通过生物信息学分析发现,在P. sojae, P. ramorum和P. infestans的基因组中广泛分布着大量编码具有无毒基因类似结构泌出蛋白的基因,即N端具有信号肽和紧随其后的RxLRdEER motif,以及在其C端具有W/Y/L motif ,故被称作Avr homology genes(Avh)基因,大豆疫霉基因组中有400多个的Avh基因[1],然而对于这些效应分子在致病过程中所起的作用仍然所知甚少。

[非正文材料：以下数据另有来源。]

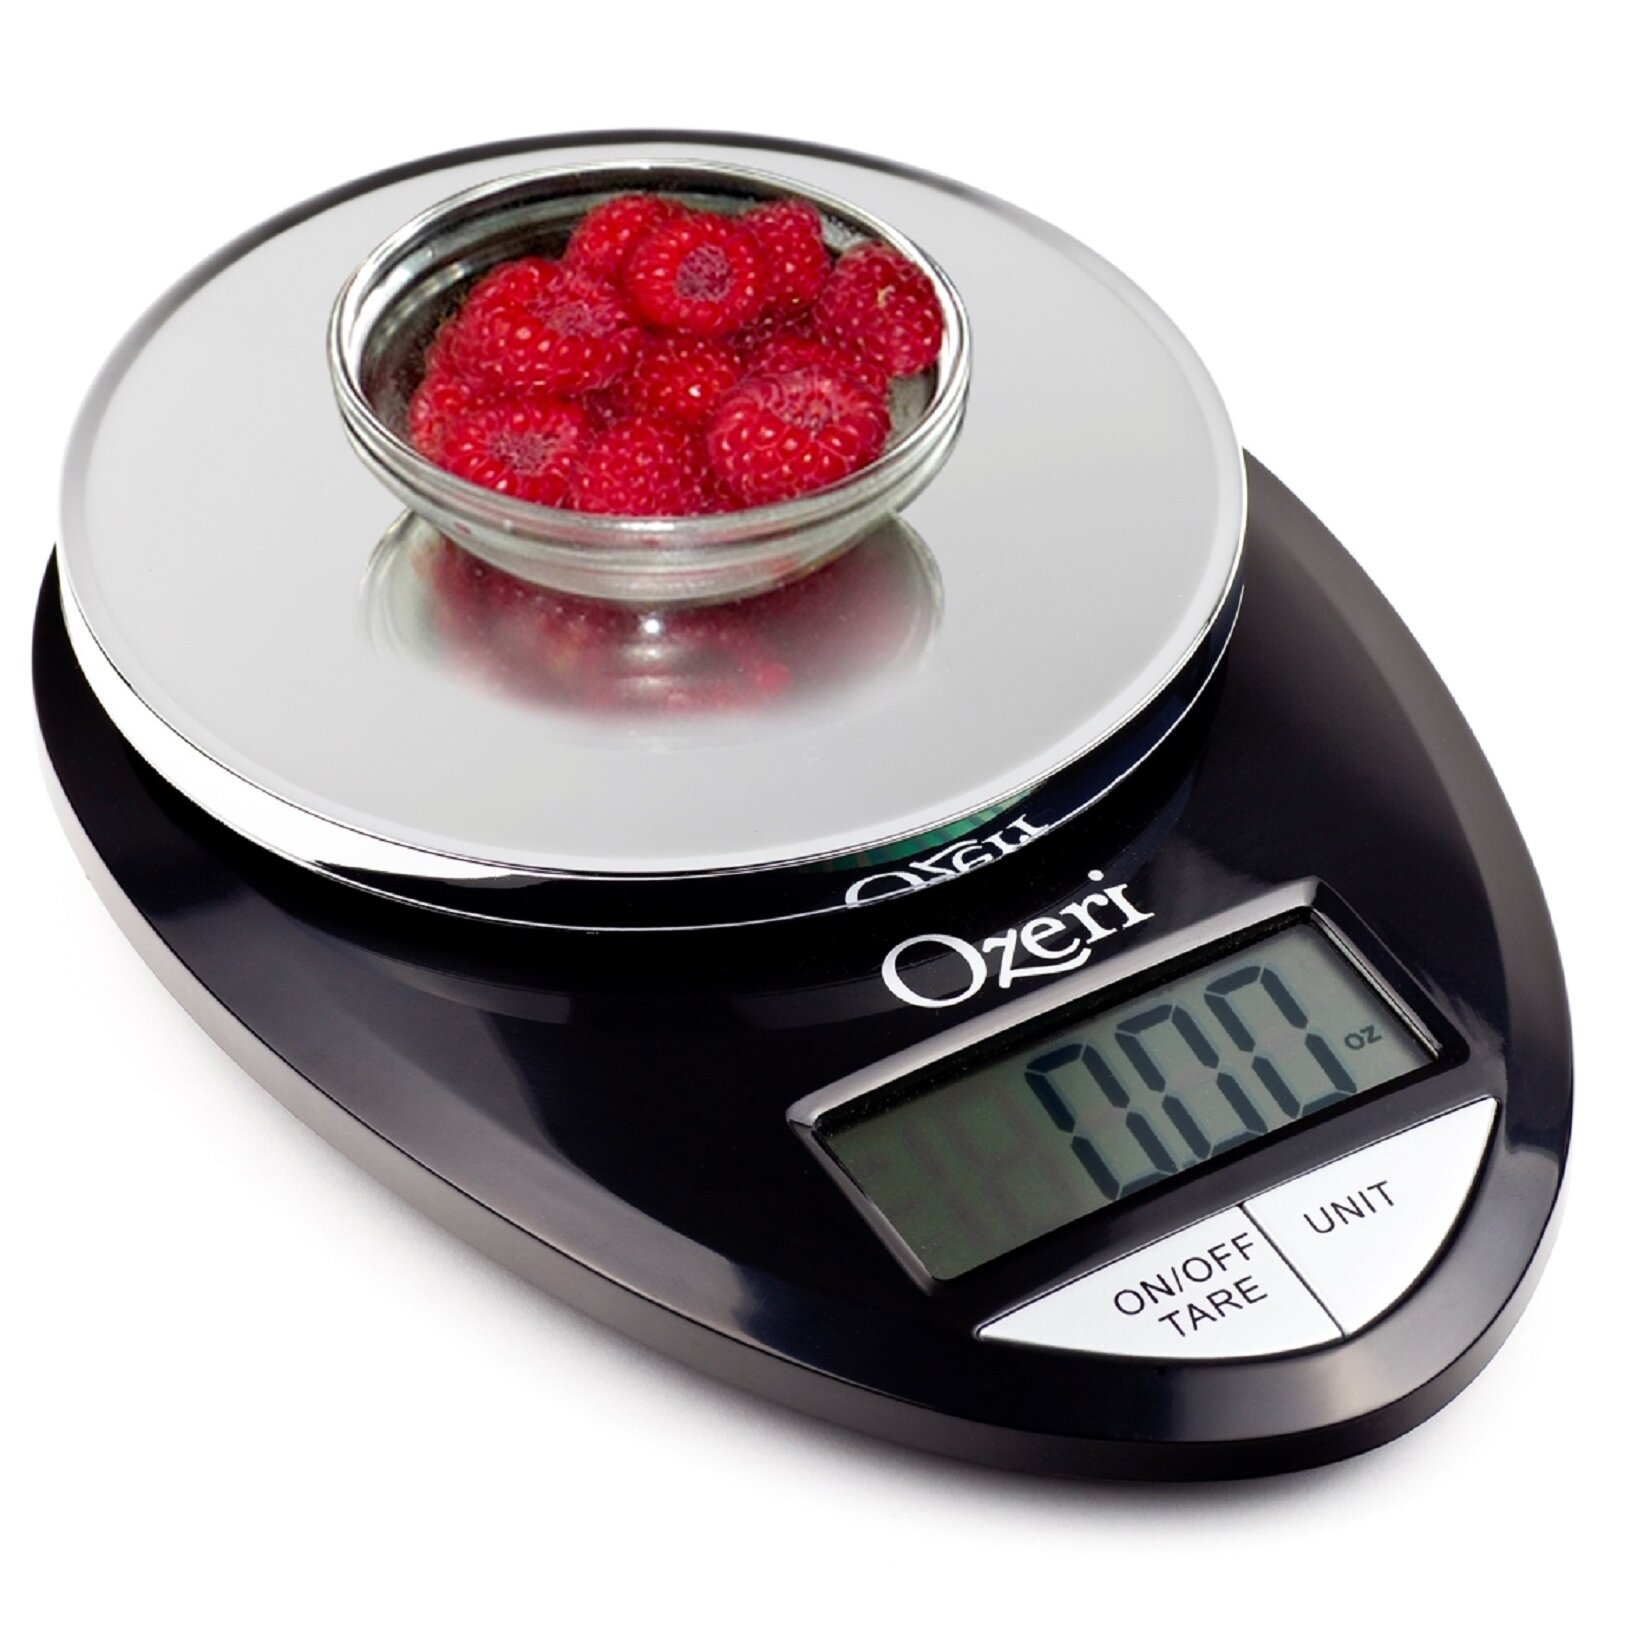 Ozeri Pro Digital Kitchen Food Scale Oz To 12 Lbs 1 Gram To 5 4 Kg Reviews Wayfair

目前对无毒基因的功能研究发现这些效应分子与抑制植物免疫系统有关。
本实验室之前对于大豆疫霉效应分子功能的大规模筛选结果,挑选出了15 个RxLR 效应分子进行进一步分析。通过Solexa 数据库对这些效应分子转录水平进行分析,发现有几个效应分子通过Solexa 检测不到表达,其余的都在侵染初期有不同程度的上调表达,其中Avh23、Avh94、Avh181 和Avr3b在休止孢萌发阶段上调表达,这表明这些效应分子在病原菌侵染寄主的过程中可能有重要的作用。研究发现效应分子保守的RxLR功能域可以与寄主细胞膜上的PI3P结合,帮助效应分子进入寄主细胞内。并且一系列实验证实效应分子进入植物细胞内可以不依赖病原物的存在[2]。 因此可以在植物细胞中单独过表达病原物效应分子来模拟侵染阶段中病原物加速分泌效应分子的过程。利用马铃薯病毒(Potato Virus X,PVX)表达系统在烟草中进行功能分析。病毒载体能够高效表达外源基因并利用植物细胞内的机制正确折叠外源蛋白,为高等真核生物提供了一个可以检测的实验系统。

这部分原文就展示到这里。